> [DATA SHOWN]
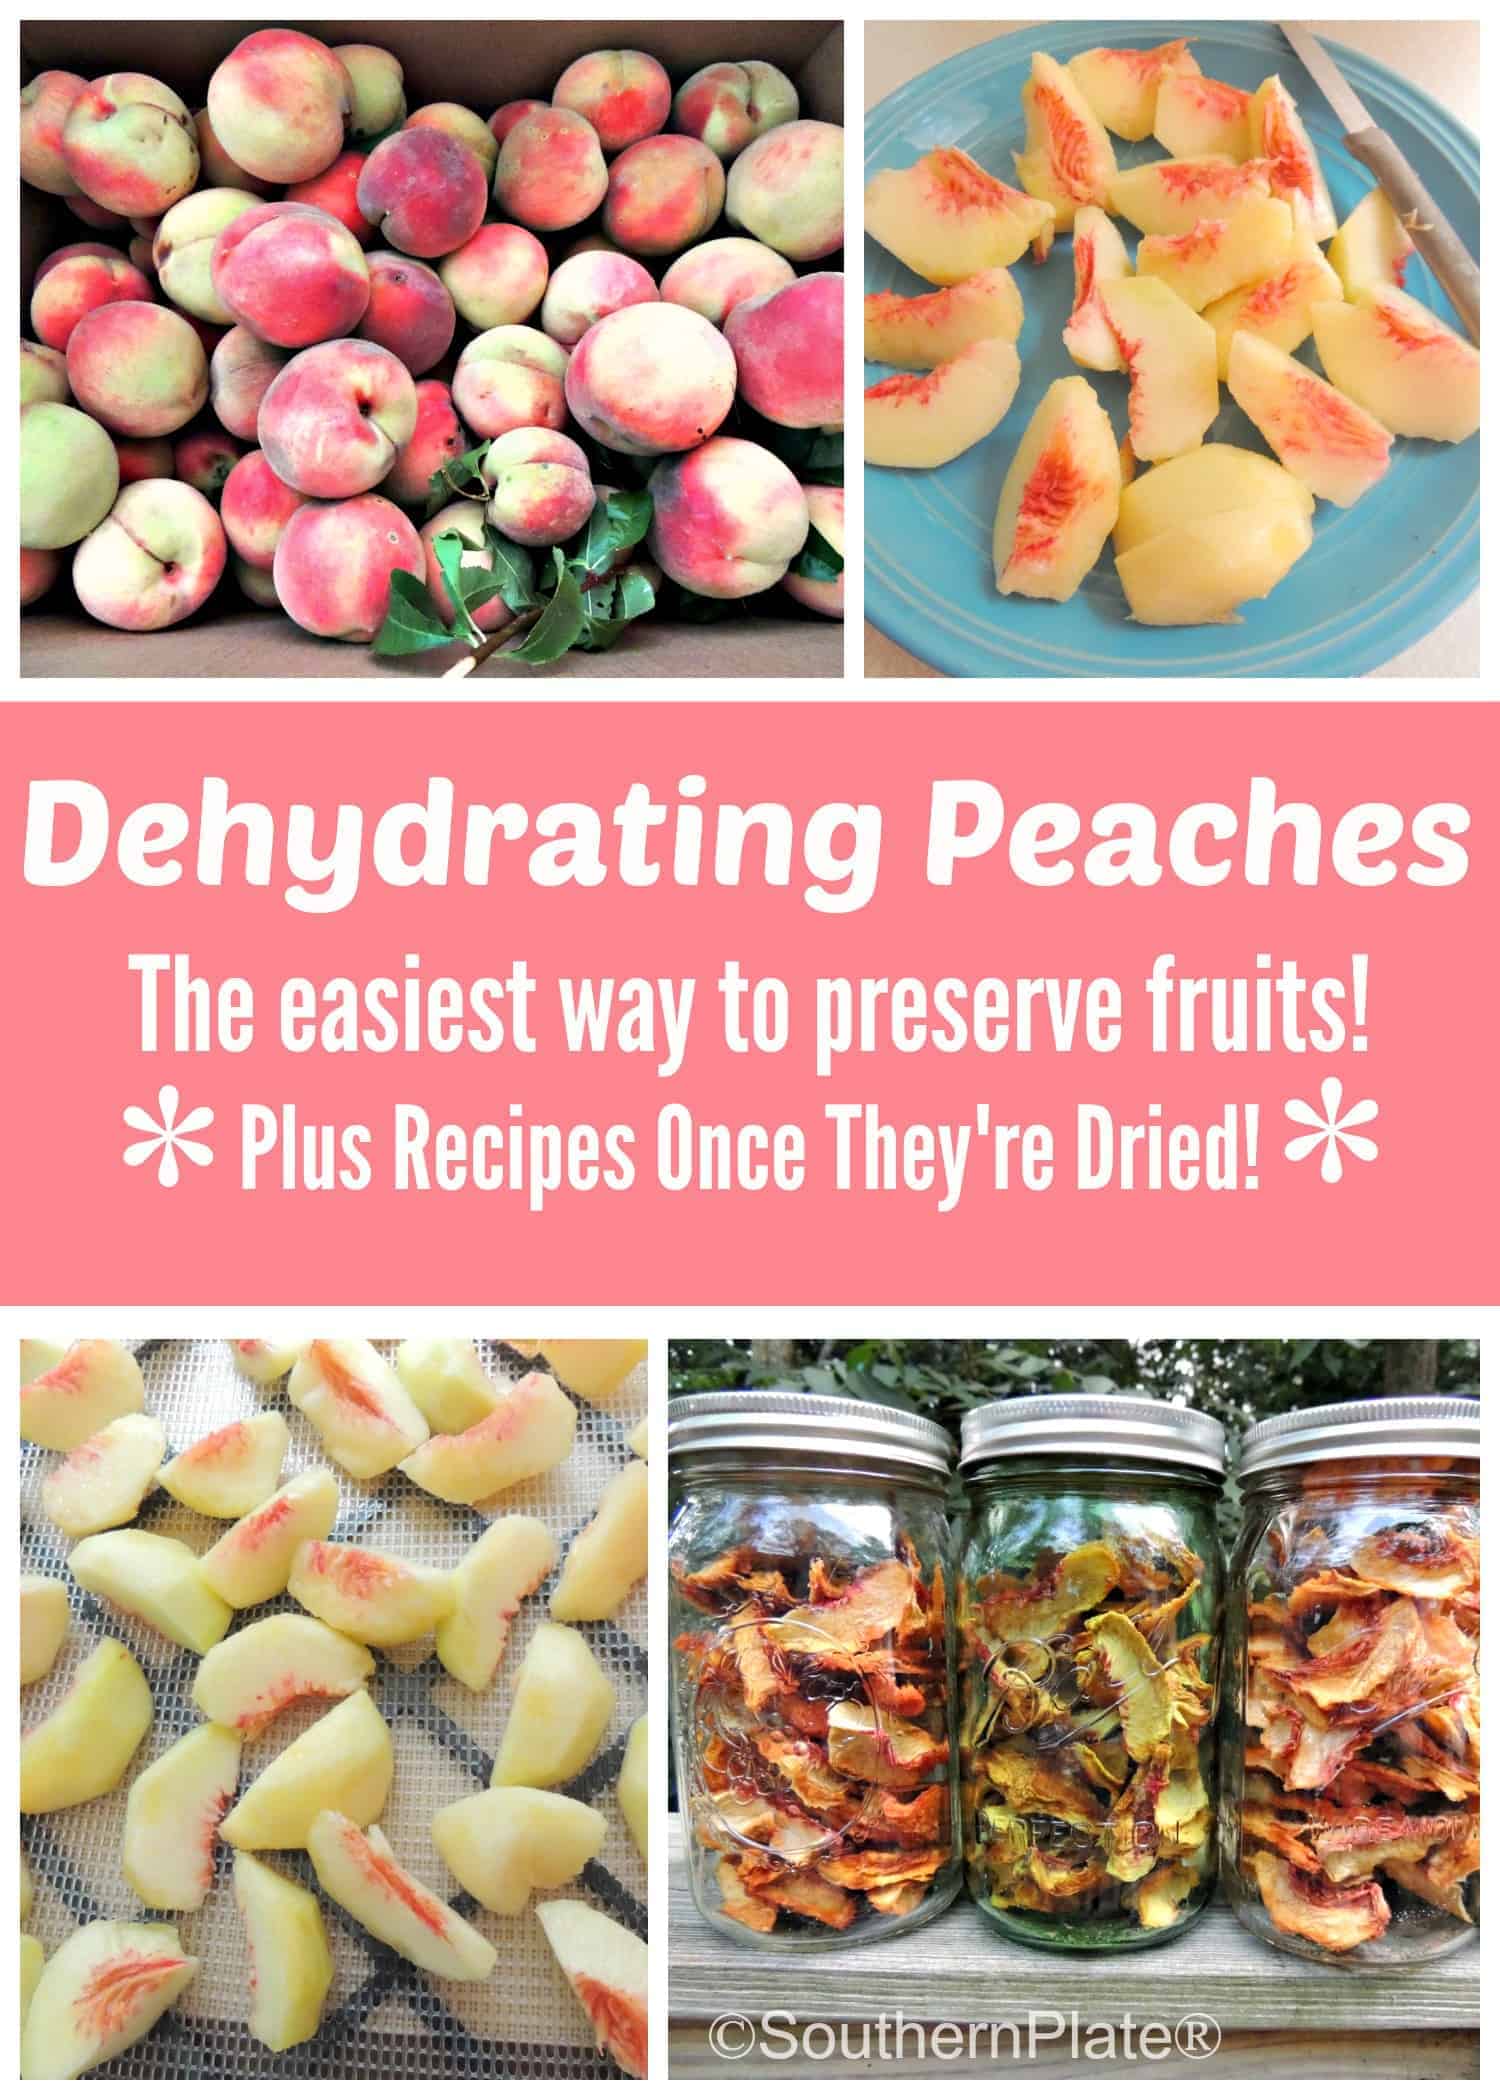 Dehydrating Peaches
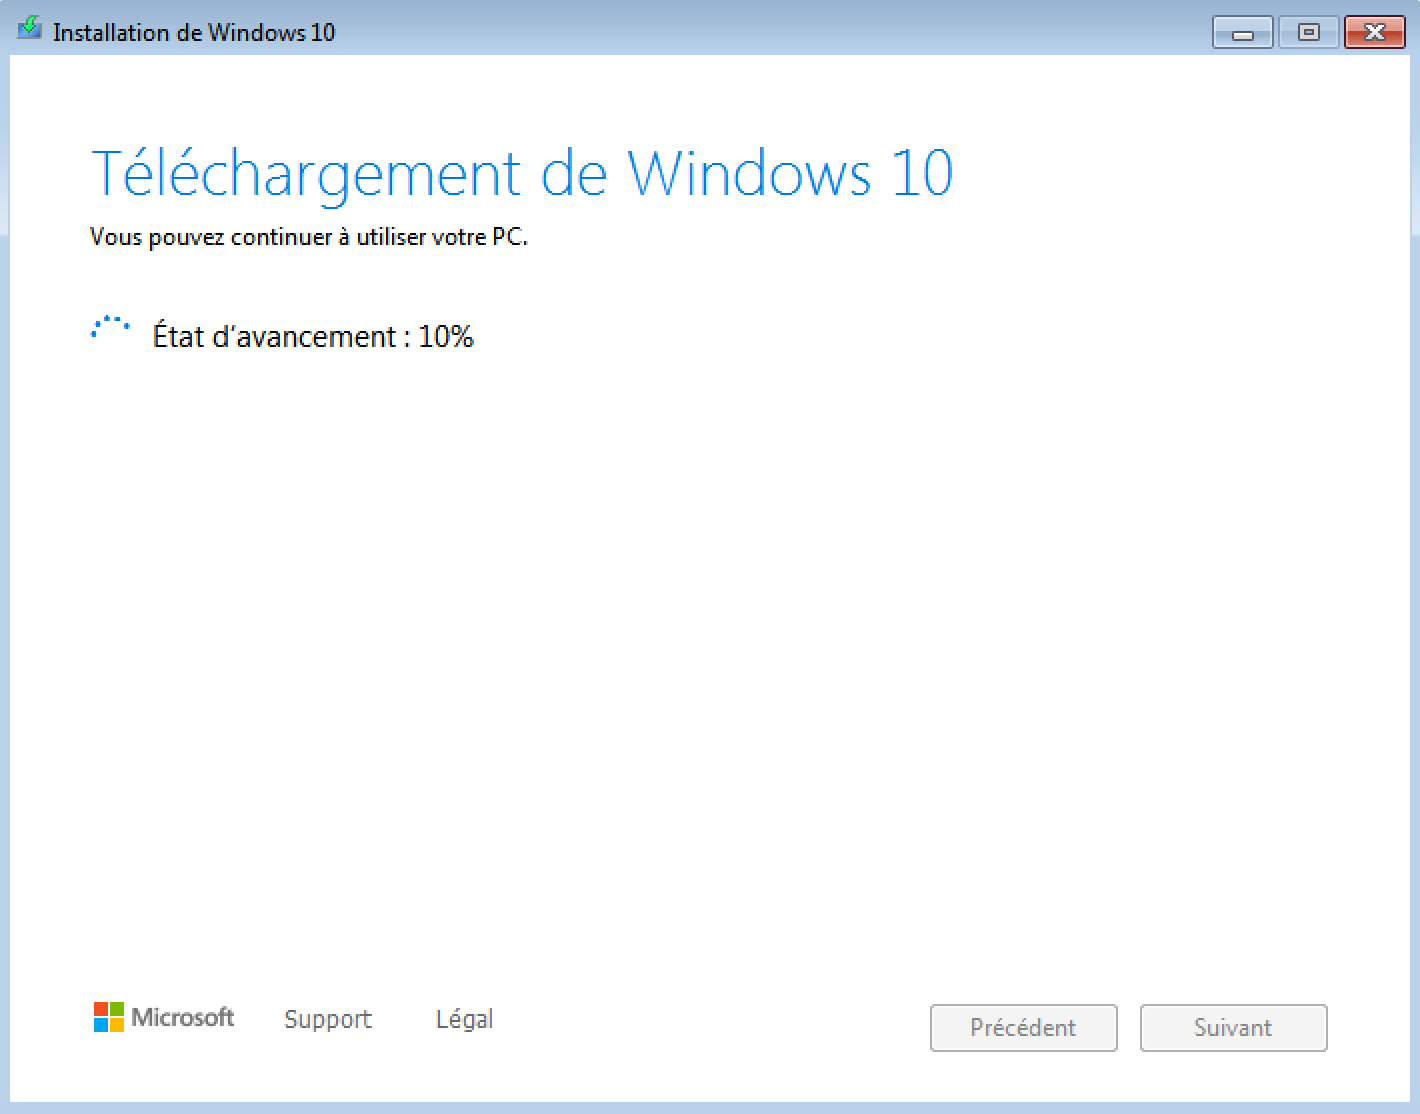 Images Frandroid Com Wp Content Uploads 19 10 Windows 7 Vers Windows 10 3 Png
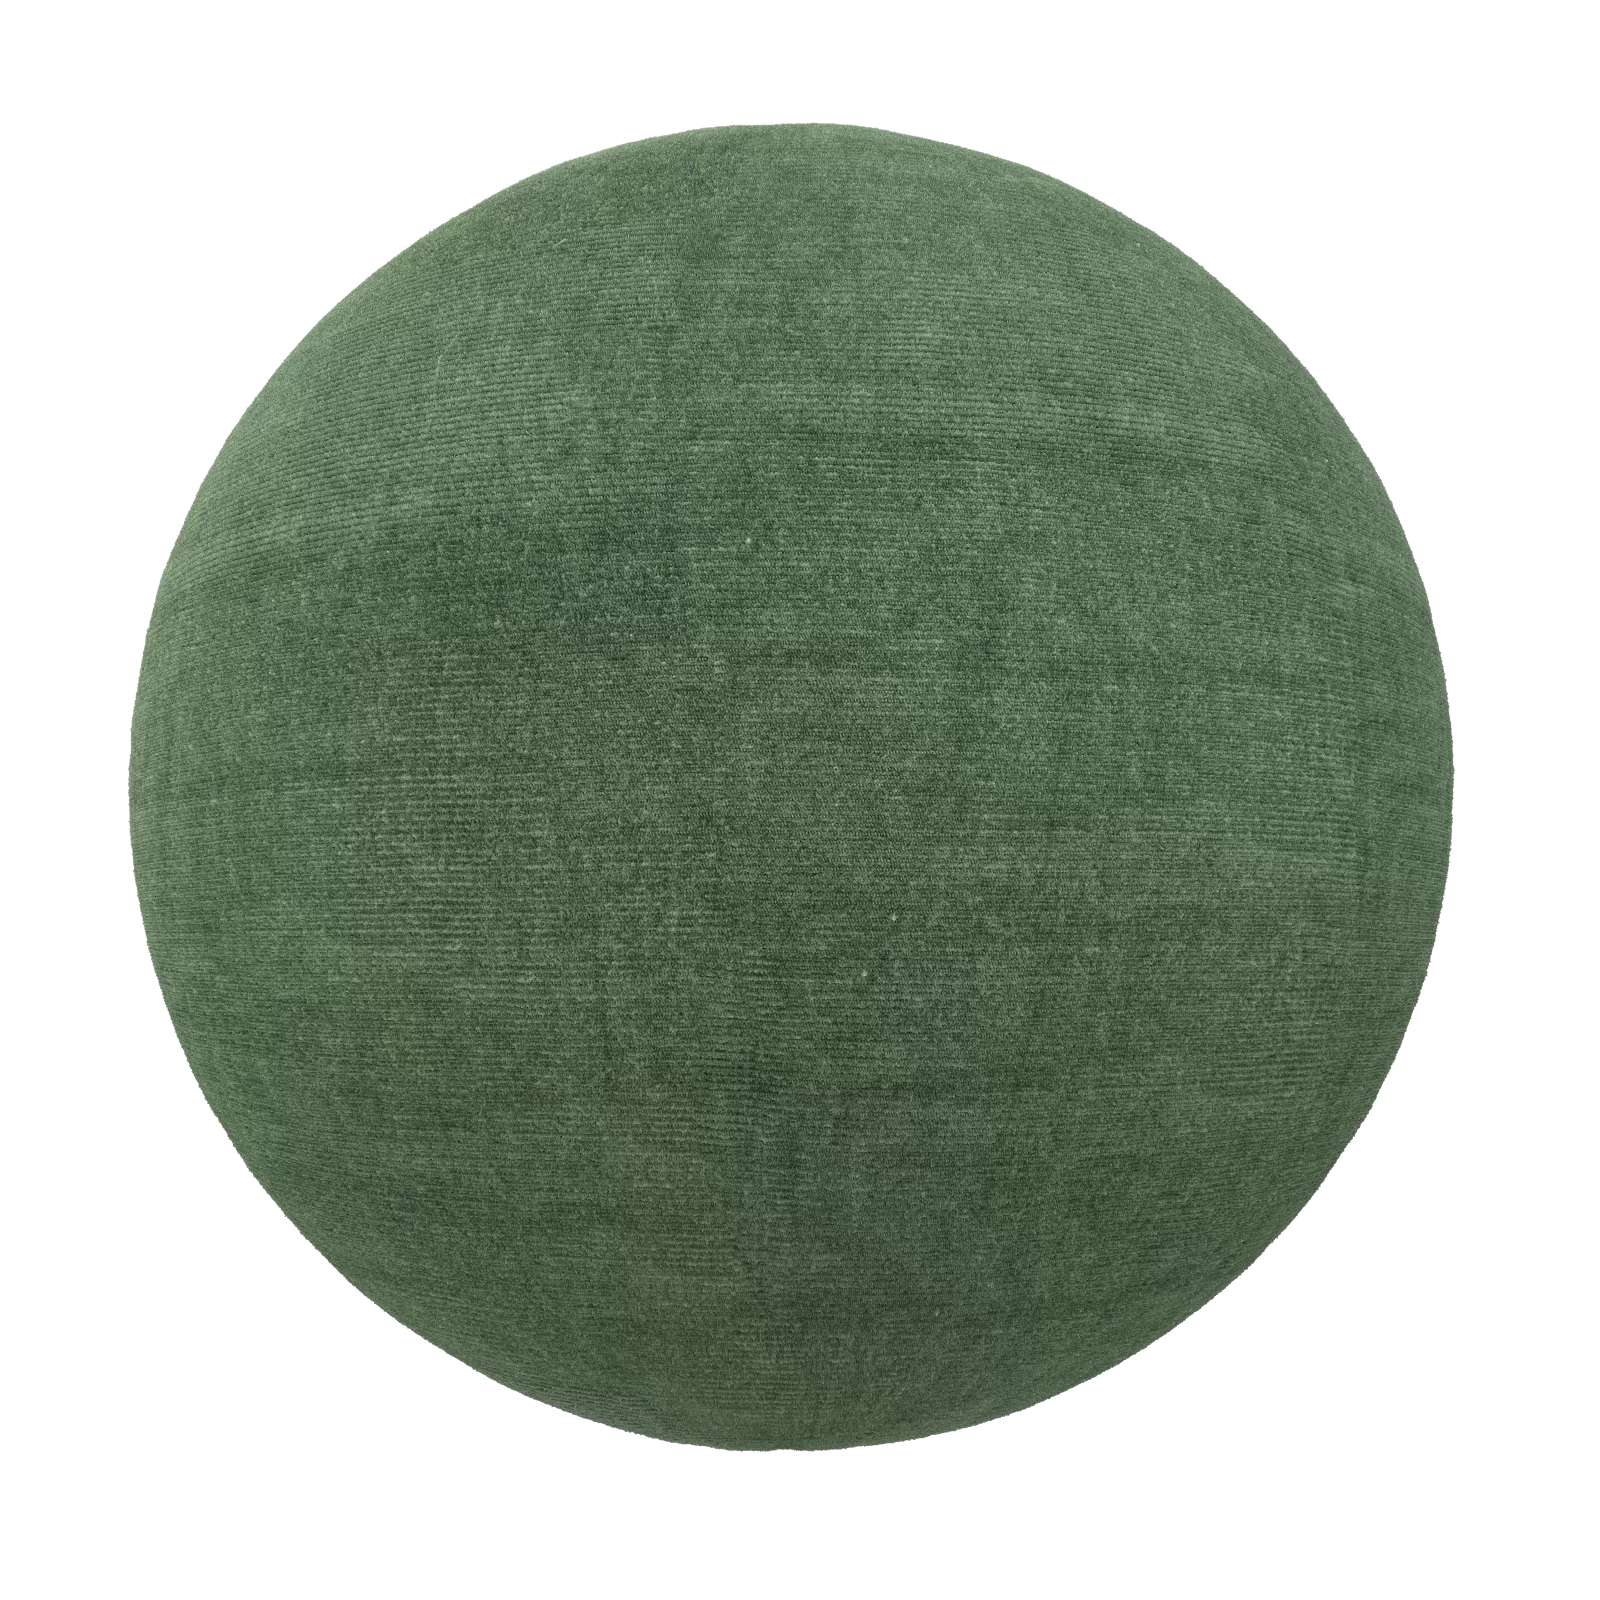 PBR CGAXIS TEXTURES – FABRICS – Green Fabric 03

> [EXERCISE GOAL] Go through the material above and repeat it exactly. Omit the pictures.

> [RESPONSE BOX]
 Dehydrating Peaches
 Images Frandroid Com Wp Content Uploads 19 10 Windows 7 Vers Windows 10 3 Png
 PBR CGAXIS TEXTURES – FABRICS – Green Fabric 03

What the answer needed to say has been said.